Deployments & ReplicaSets
#

  • Used to manage stateless applications by defining how Pods should be created, updated, and scaled.

  • Deployments create and manage ReplicaSets, which in turn manage Pods

  • Self-Healing: If a Pod crashes, the ReplicaSet ensures a new one is started. The placement of those pods across nodes is handled by Kubernetes.

  • Declarative Pod Management: Define how many replicas of a pod should run

  • Rolling Updates: Deployment of new versions without downtime


DaemonSets
#

  • Ensures that a copy of a pod runs on every Kubernetes node.

  • New Kubernetes nodes that join the cluster will automatically start pods that are part of a DaemonSet.

  • DaemonSets are designed to run a Pod on every Node, also in situations that would normally be prevented. DaemonSet pods will still be scheduled even if a target Node is facing resource constraints or isn’t accepting new Pods.

  • DaemonSets are often used for node monitoring and log collection agents.


StatefulSets
#

  • Manages pods that need unique, persistent storage across rescheduling.

  • Used for stateful applications where each pod needs to maintain its own data, e.g databases.

  • Each pod has a unique, stable identity, e.g. “pod-0”, “pod-1” and “pod-2” and keeps its identity even if rescheduled. If “pod-1” fails, it will be recreated with the same name, preserving its state.

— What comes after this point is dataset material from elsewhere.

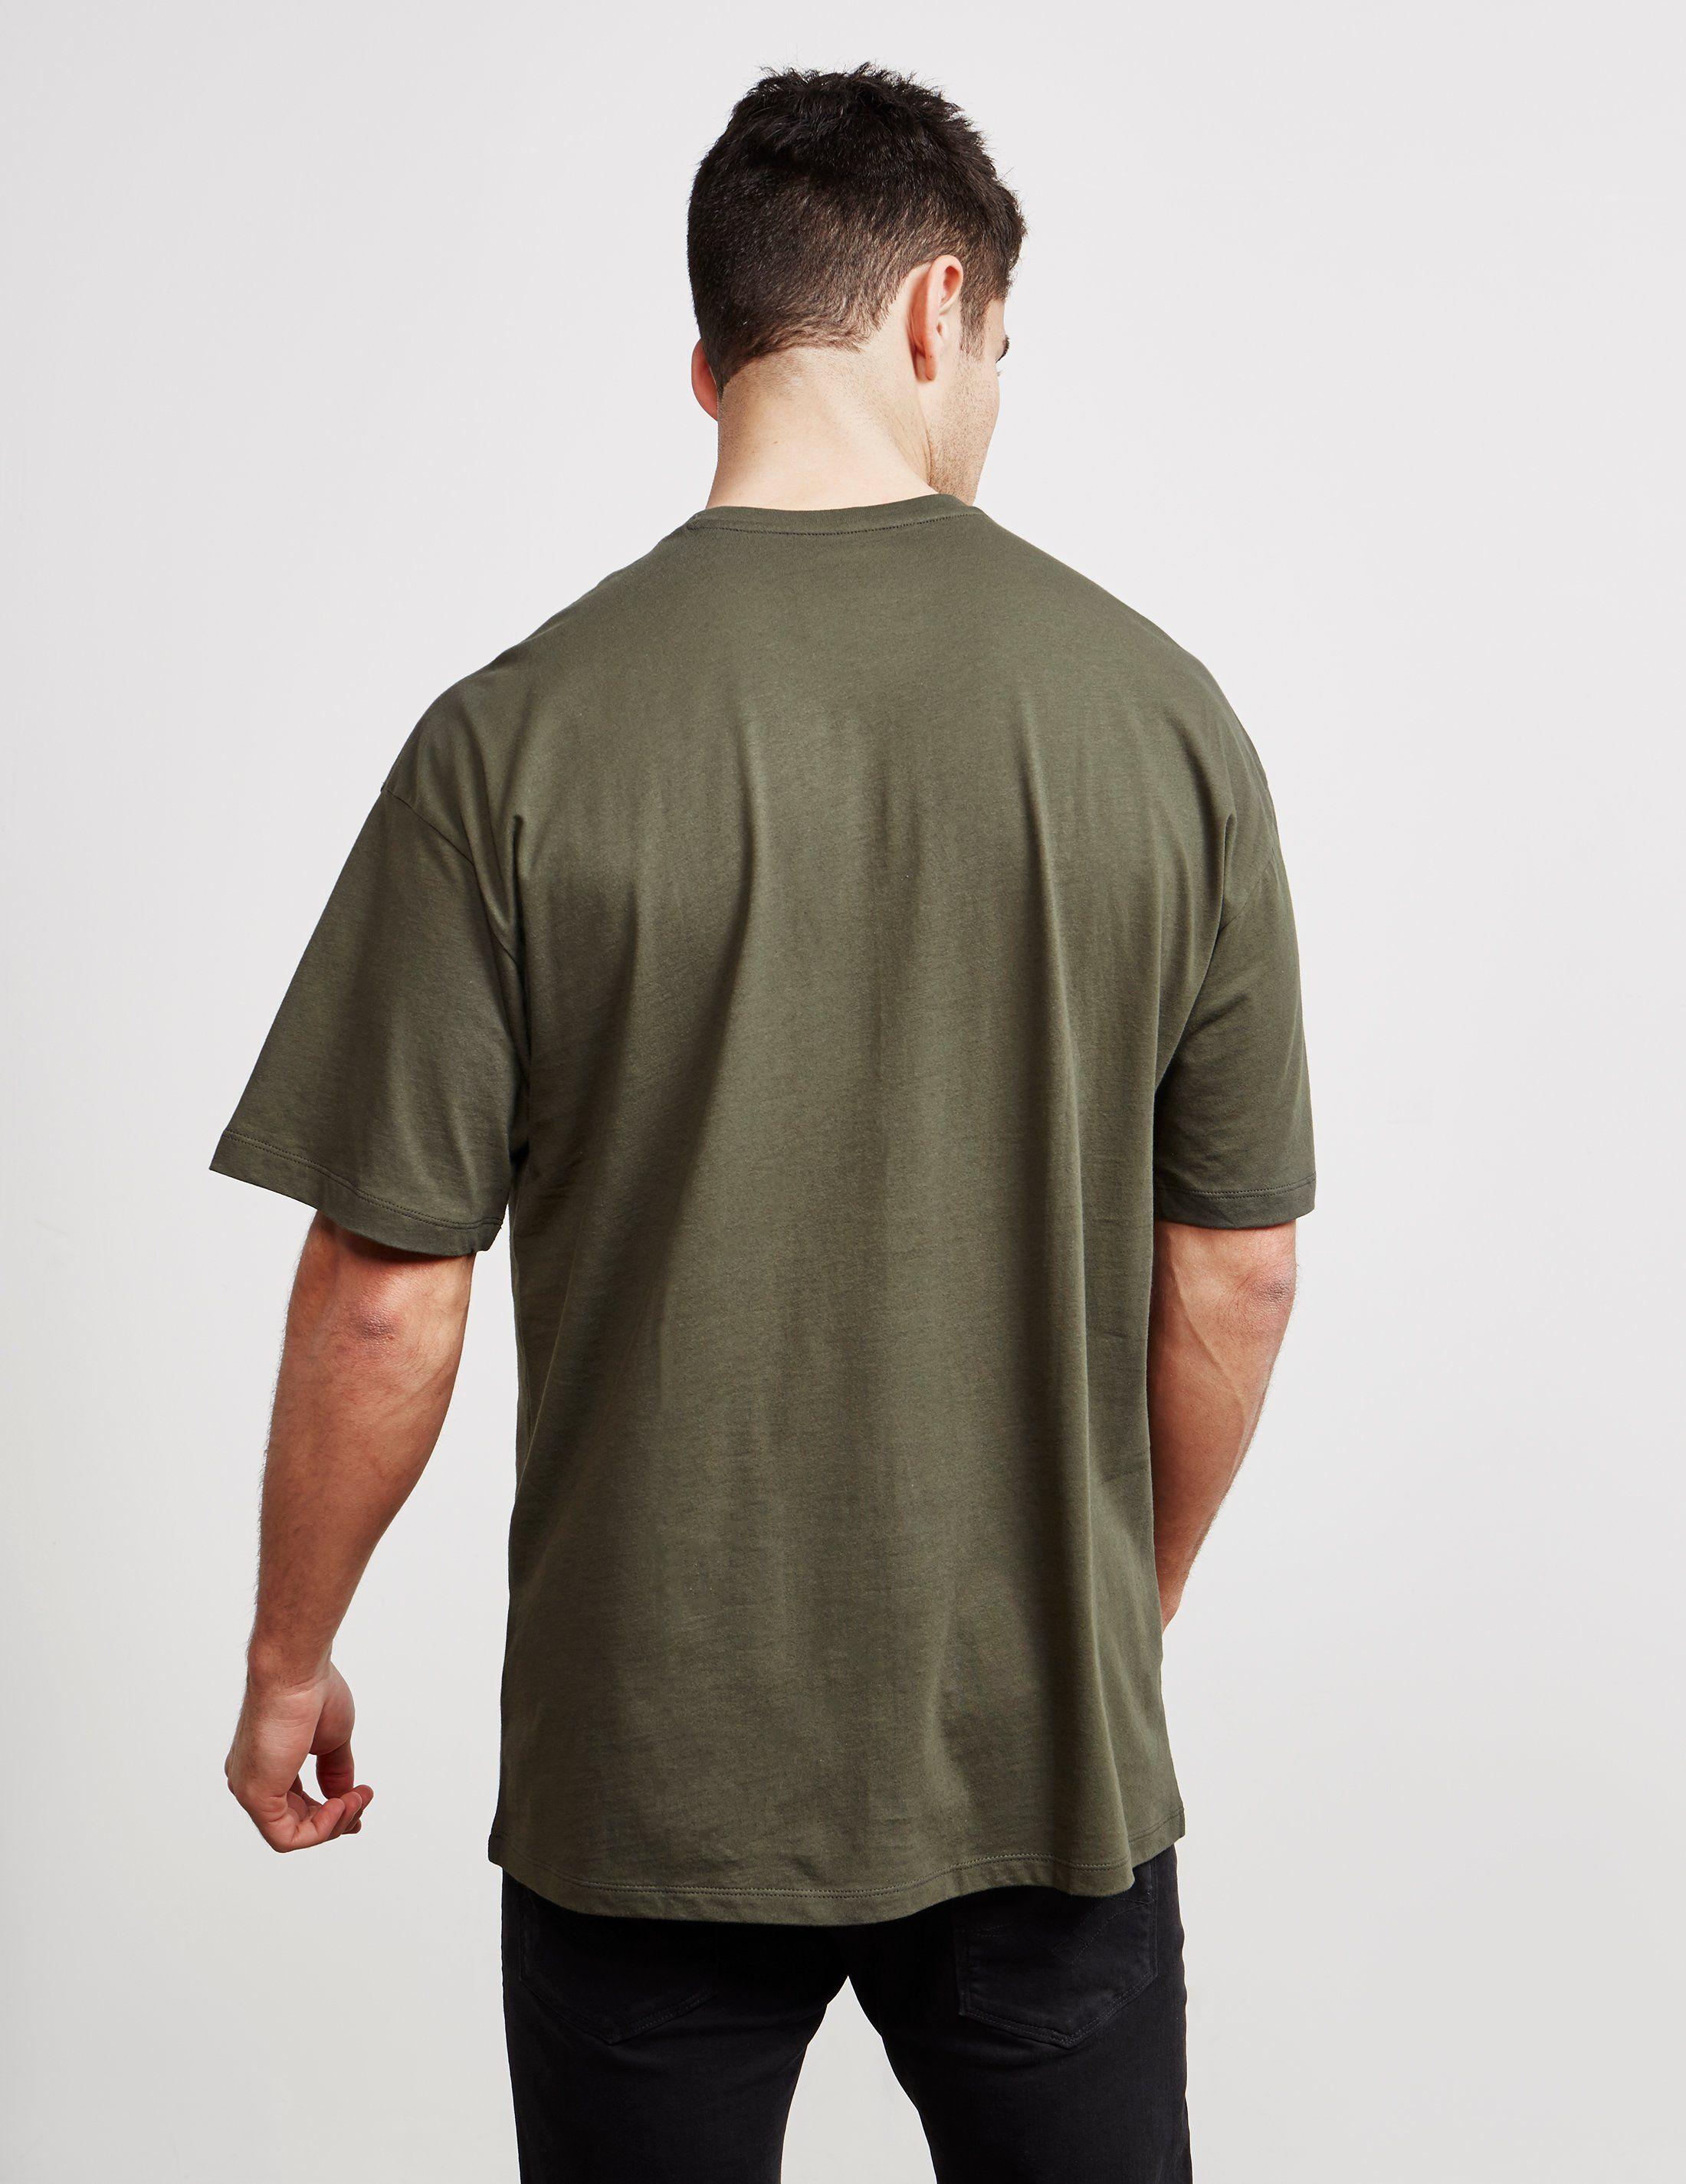 Armani Exchange Mountain Box Short Sleeve T-Shirt
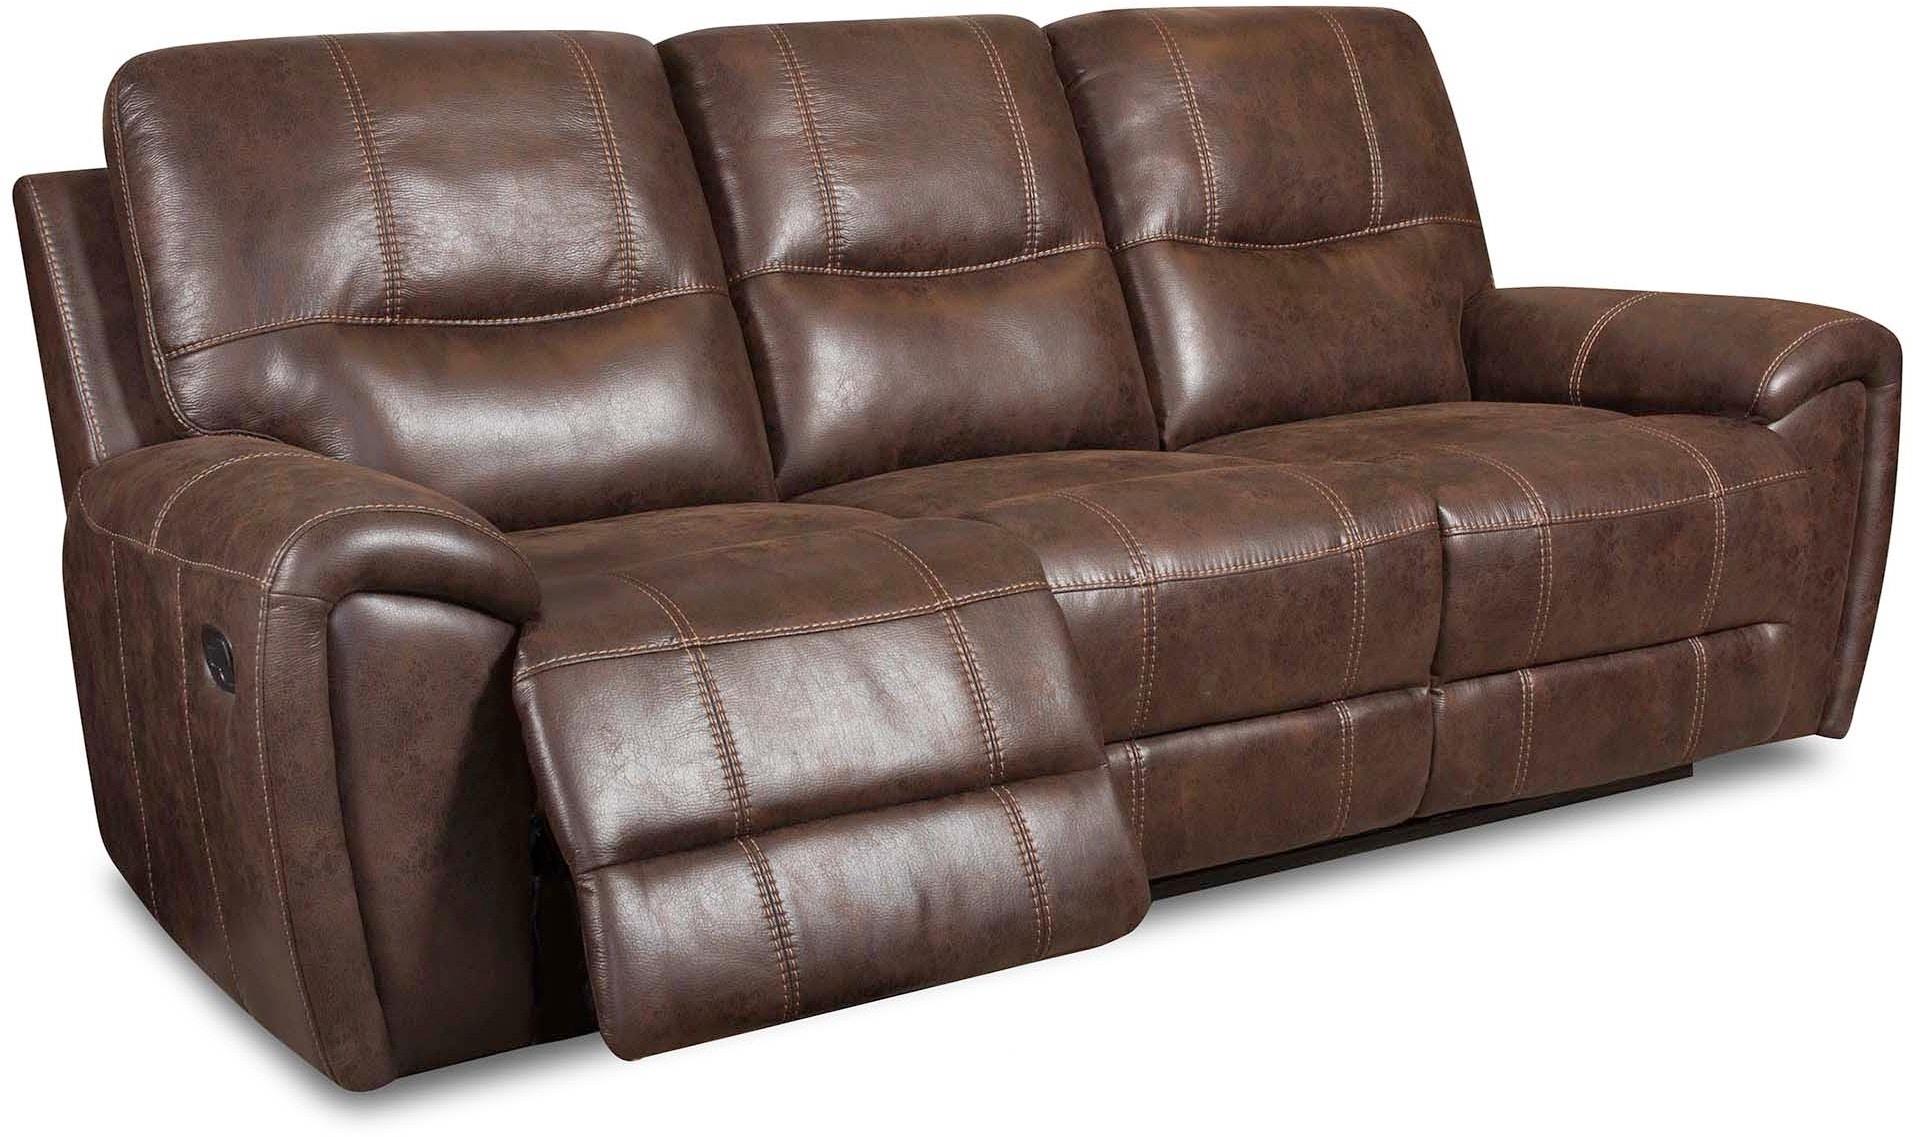 Corinthian Living Room Desert Chocolate Power Reclining Sofa

  • StatefulSets ensure that Pods are created and deleted in a ordered manner.



Access Components
#

Overview
#

  • Kubernetes Services are used that map network traffic to the Pods inside the cluster

  • Network traffic flows into the Service before being redirected to one of the available Pods


ClusterIP Service
#

  • ClusterIP is the default service type that’s used when not otherwise specified

  • Kubernetes assigns a stable virtual IP ClusterIP to the service, the service name is automatically resolvable via Kubernetes DNS.

  • Service DNS names a structured as follows:
    <service-name>.<namespace-name>.svc.cluster-domain
    for example:
    example-service.default.svc.cluster.local

  • Pods in the same cluster can reach the service via its ClusterIP or DNS name

  • The service selects Pods based on selectors and labels

  • It cannot be accessed from outside the cluster

  • Used for inter-service communication within the cluster, for example, communication between the front-end and back-end components.


NodePort Service
#

  • NodePort exposes the service on each worker nodes IP at a static port, the NodePort: <NodeIP>:<NodePort>

  • The port must be in the range of 30000–32767. If the port is undefined, Kubernetes will automatically assign one.

  • A ClusterIP service, to which the NodePort service routes, is automatically created.


LoadBalancer Service
#

  • NodePort and ClusterIP services to which the LoadBalancer routes, are automatically created.

  • Provides external access to applications by provisioning a cloud provider’s LoadBalancer, or for example MetalLB in on-premise environments.

  • Every cloud-based LoadBalancer service creates a separate cloud LoadBalancer, which increases cost.

  • It does not handle routing based on URLs or domains.


Headless Service (for Stateful Applications)
#

  • Does not assign a ClusterIP and allows direct access to individual pod instances.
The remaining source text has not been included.